▶ **Recorded data**:
• • • • • • •
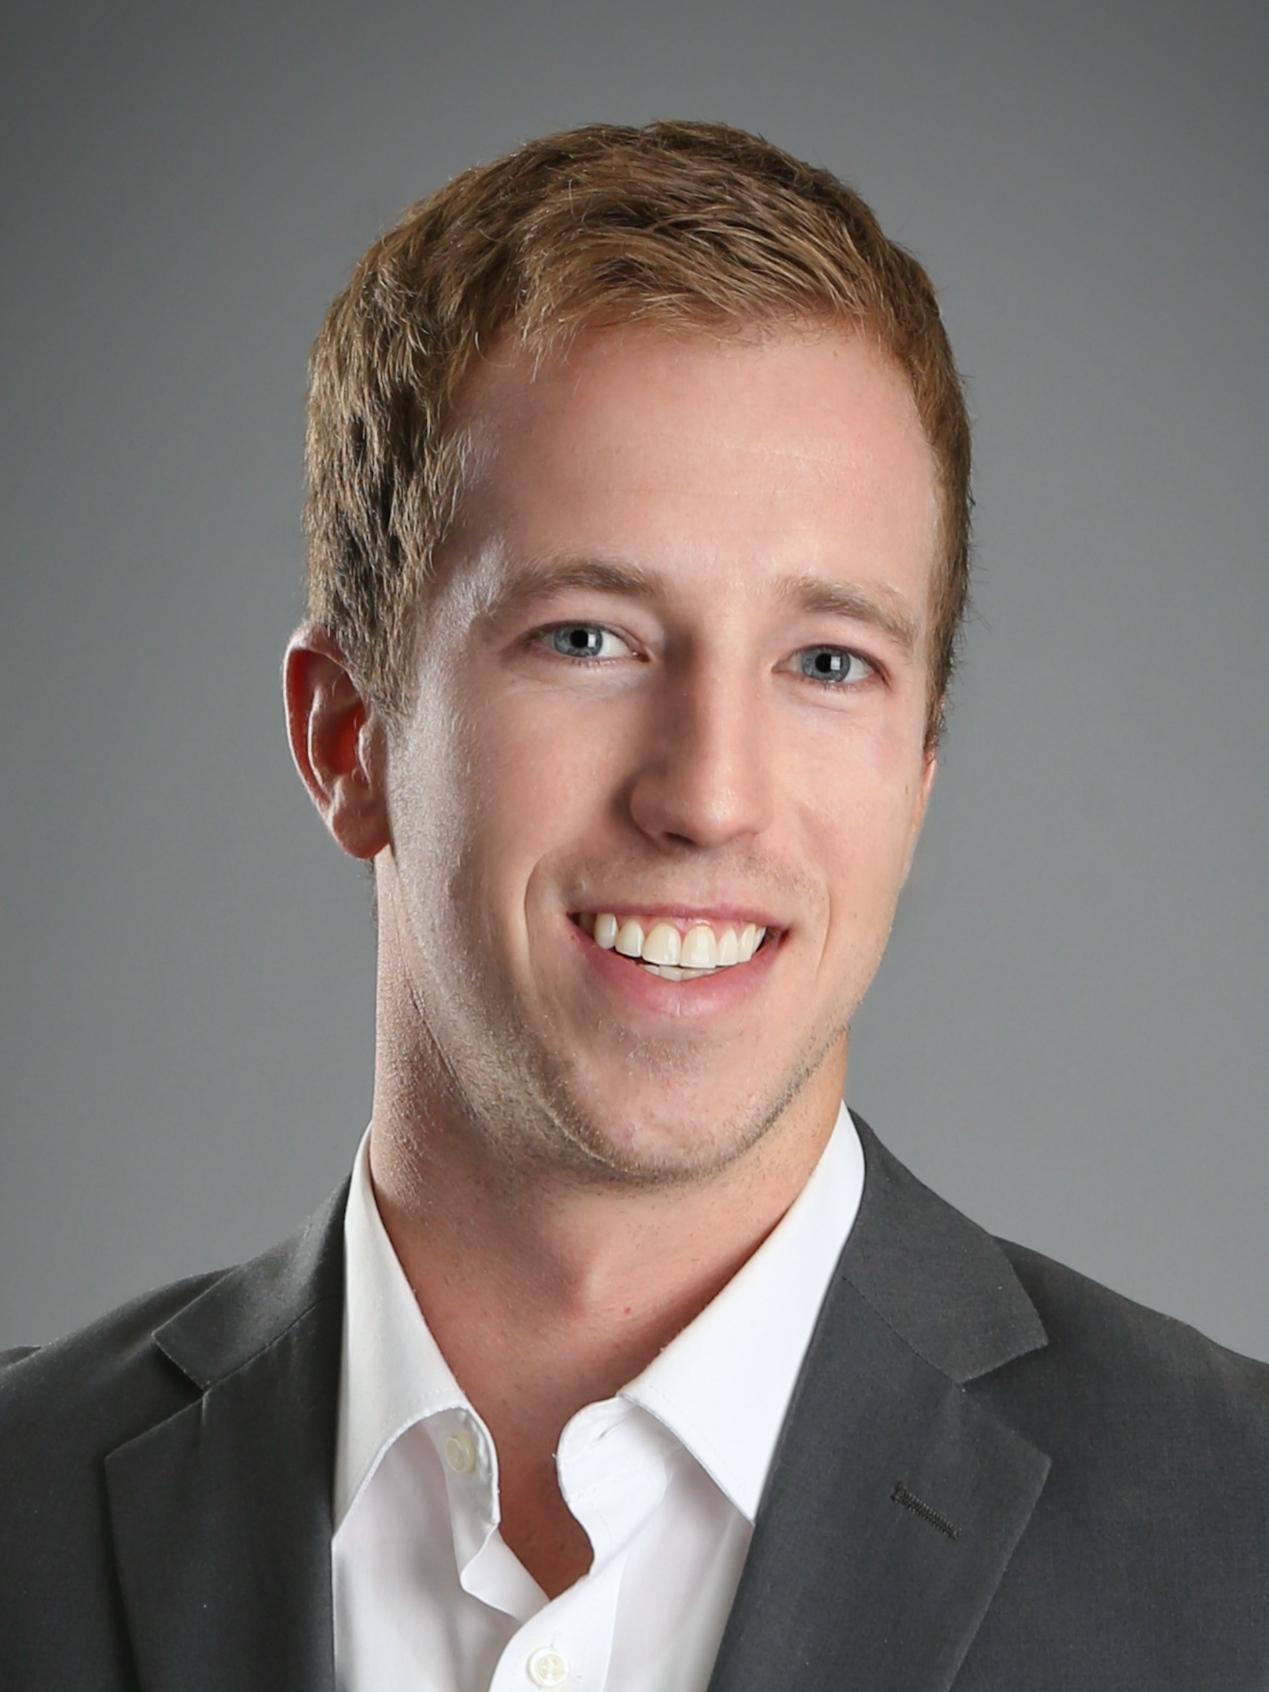 Nick Dockter, Agent
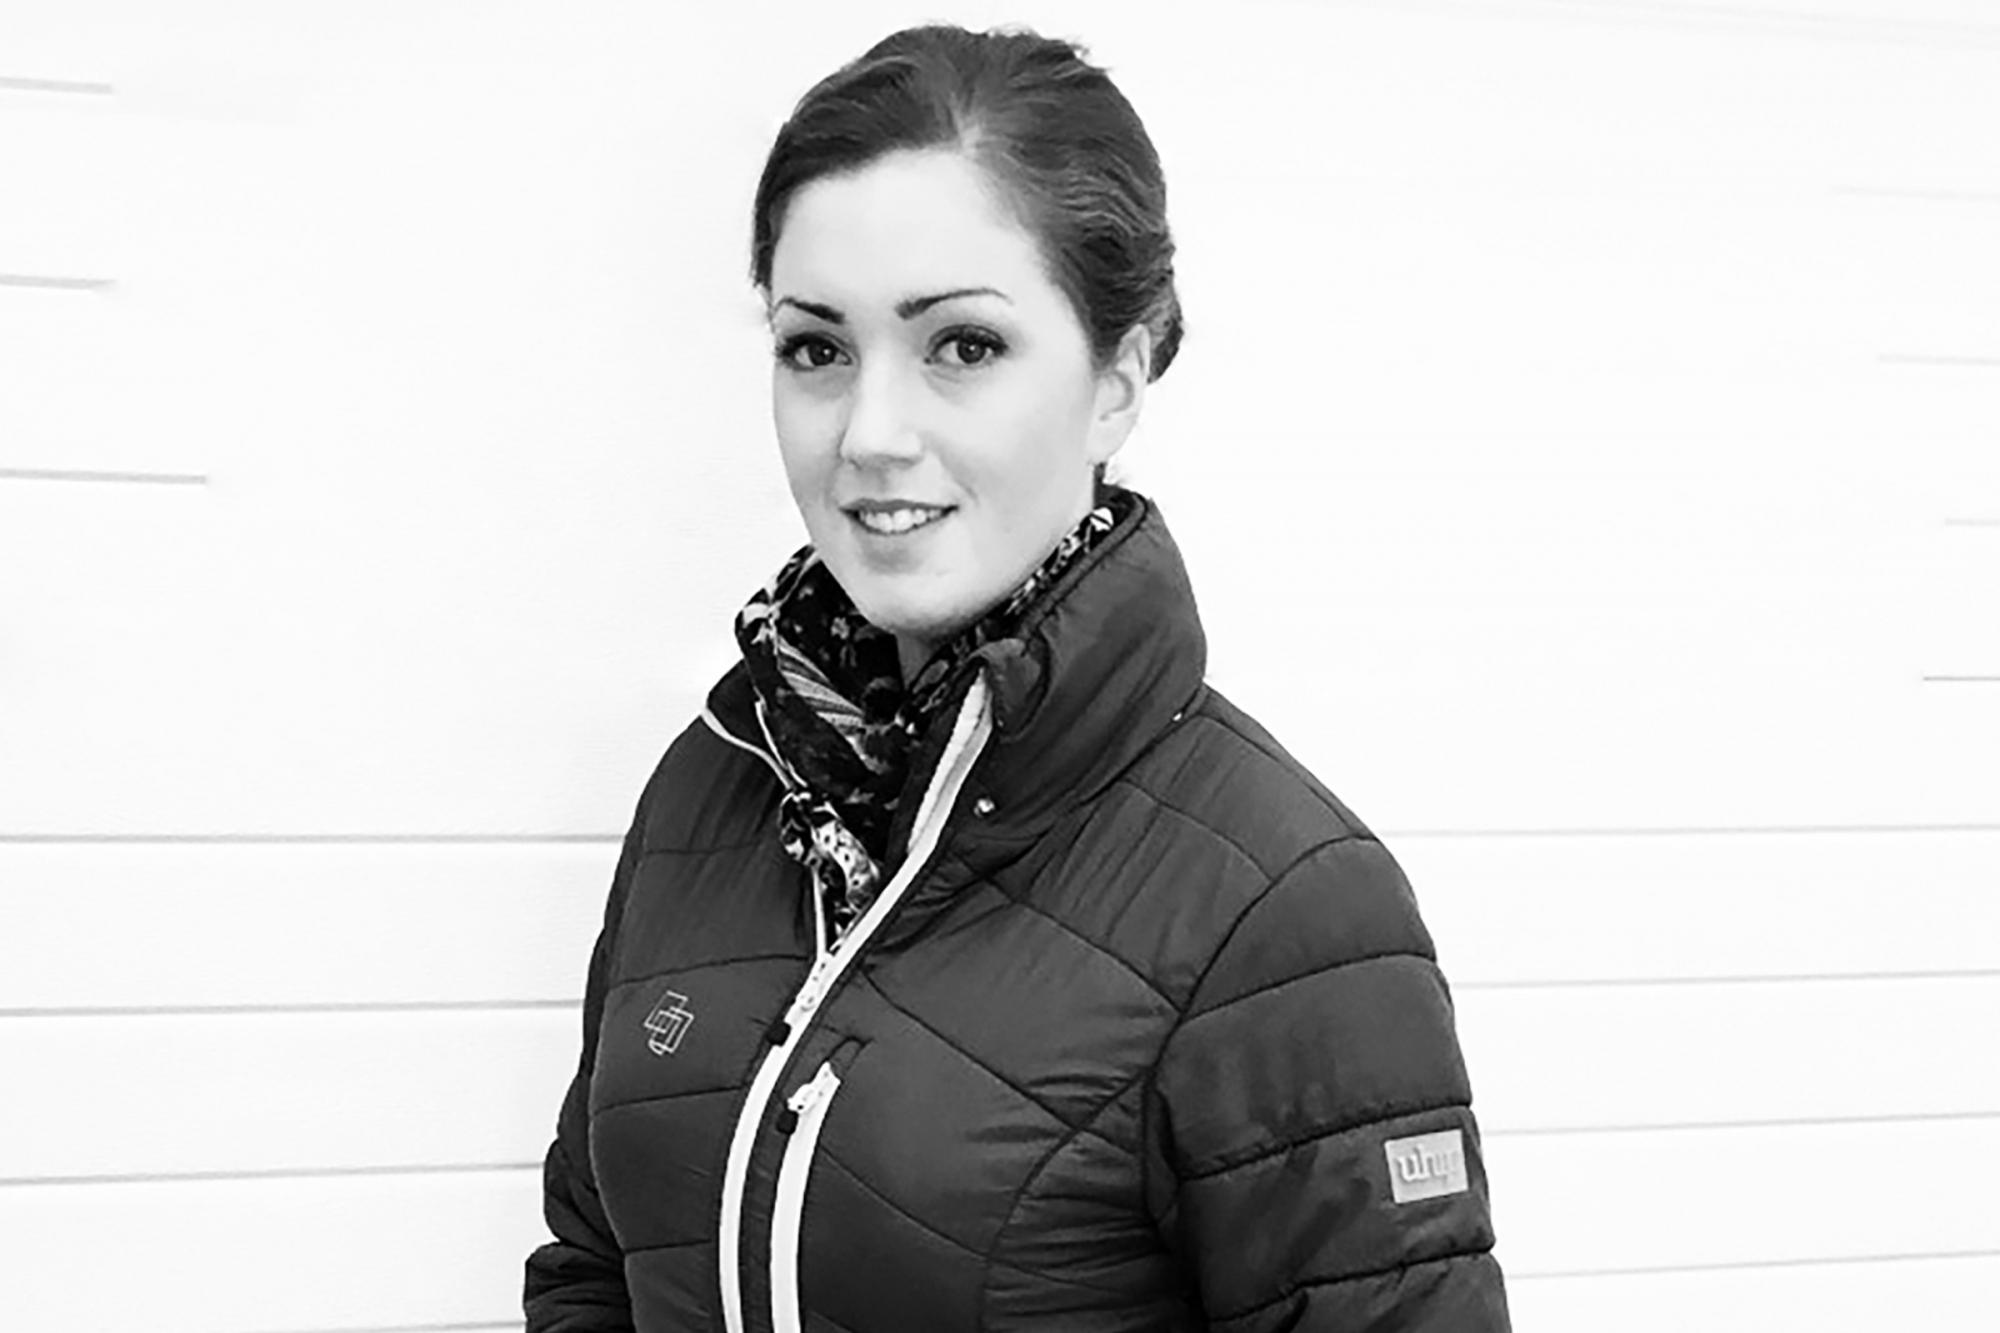 Louiseloilindströmbyline
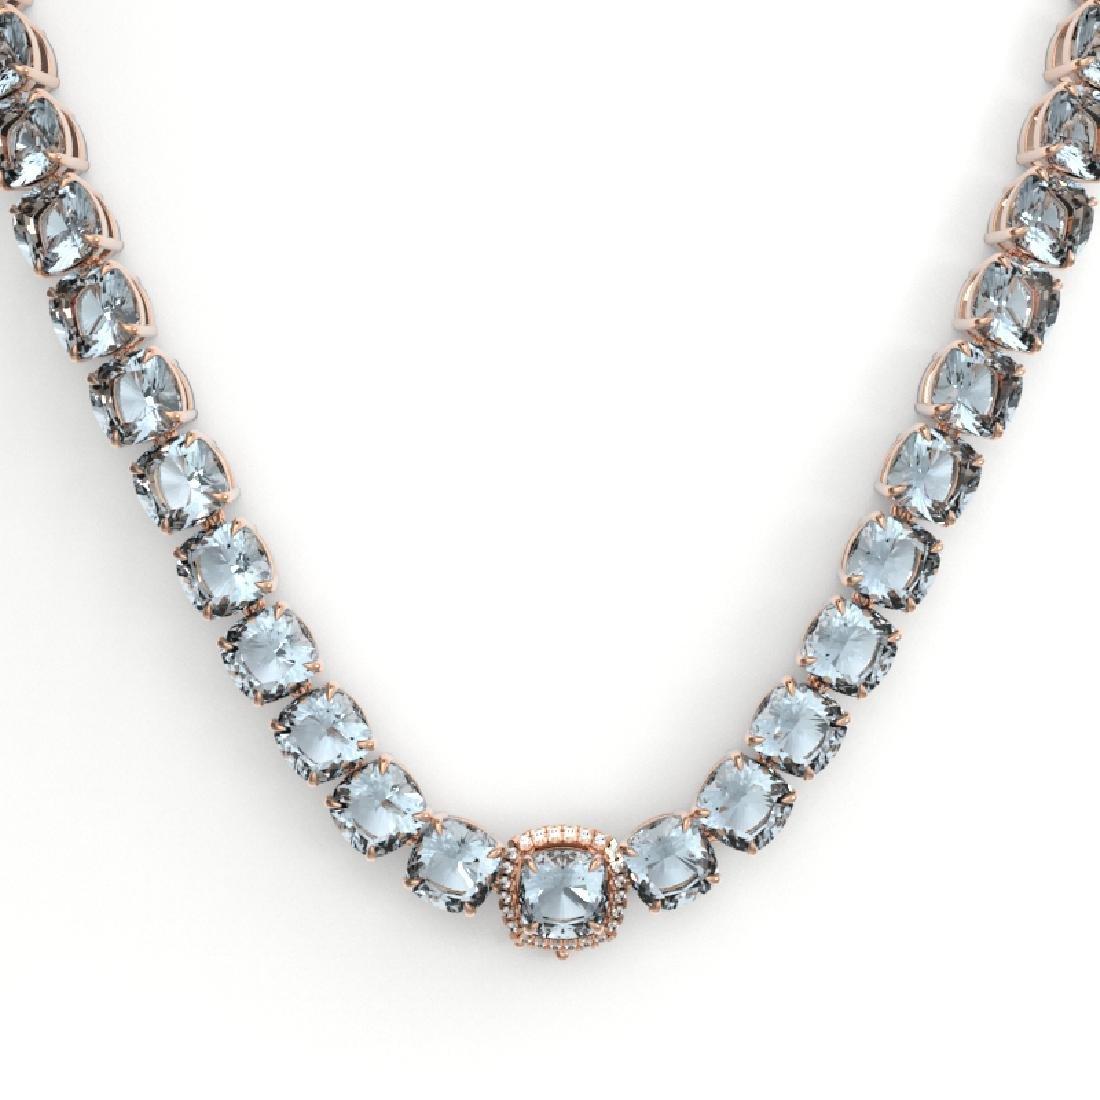 87 CTW Aquamarine & VS/SI Diamond Necklace 14K Rose - 2
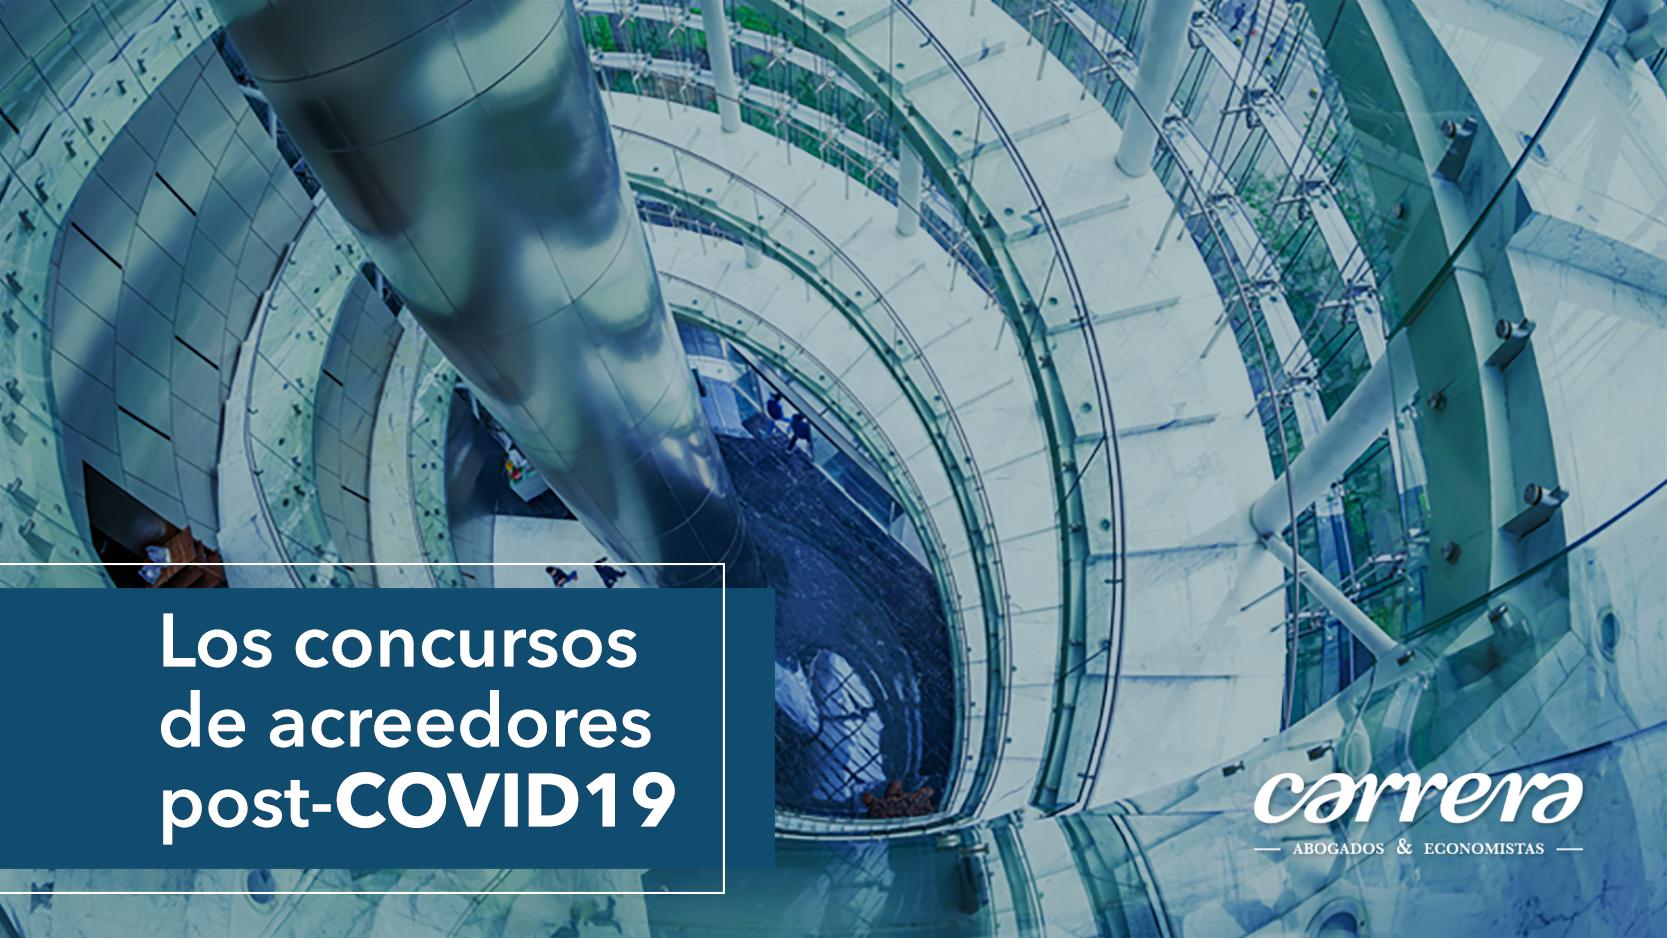 LOS CONCURSOS DE ACREEDORES POST PANDEMIA
• • • • • • •
▶ **Exercise description**:
An exact printout of the listing is needed, minus any pictures it contains.

▶ **Answer for this exercise**:
 Nick Dockter, Agent
 Louiseloilindströmbyline
 87 CTW Aquamarine & VS/SI Diamond Necklace 14K Rose - 2
 LOS CONCURSOS DE ACREEDORES POST PANDEMIA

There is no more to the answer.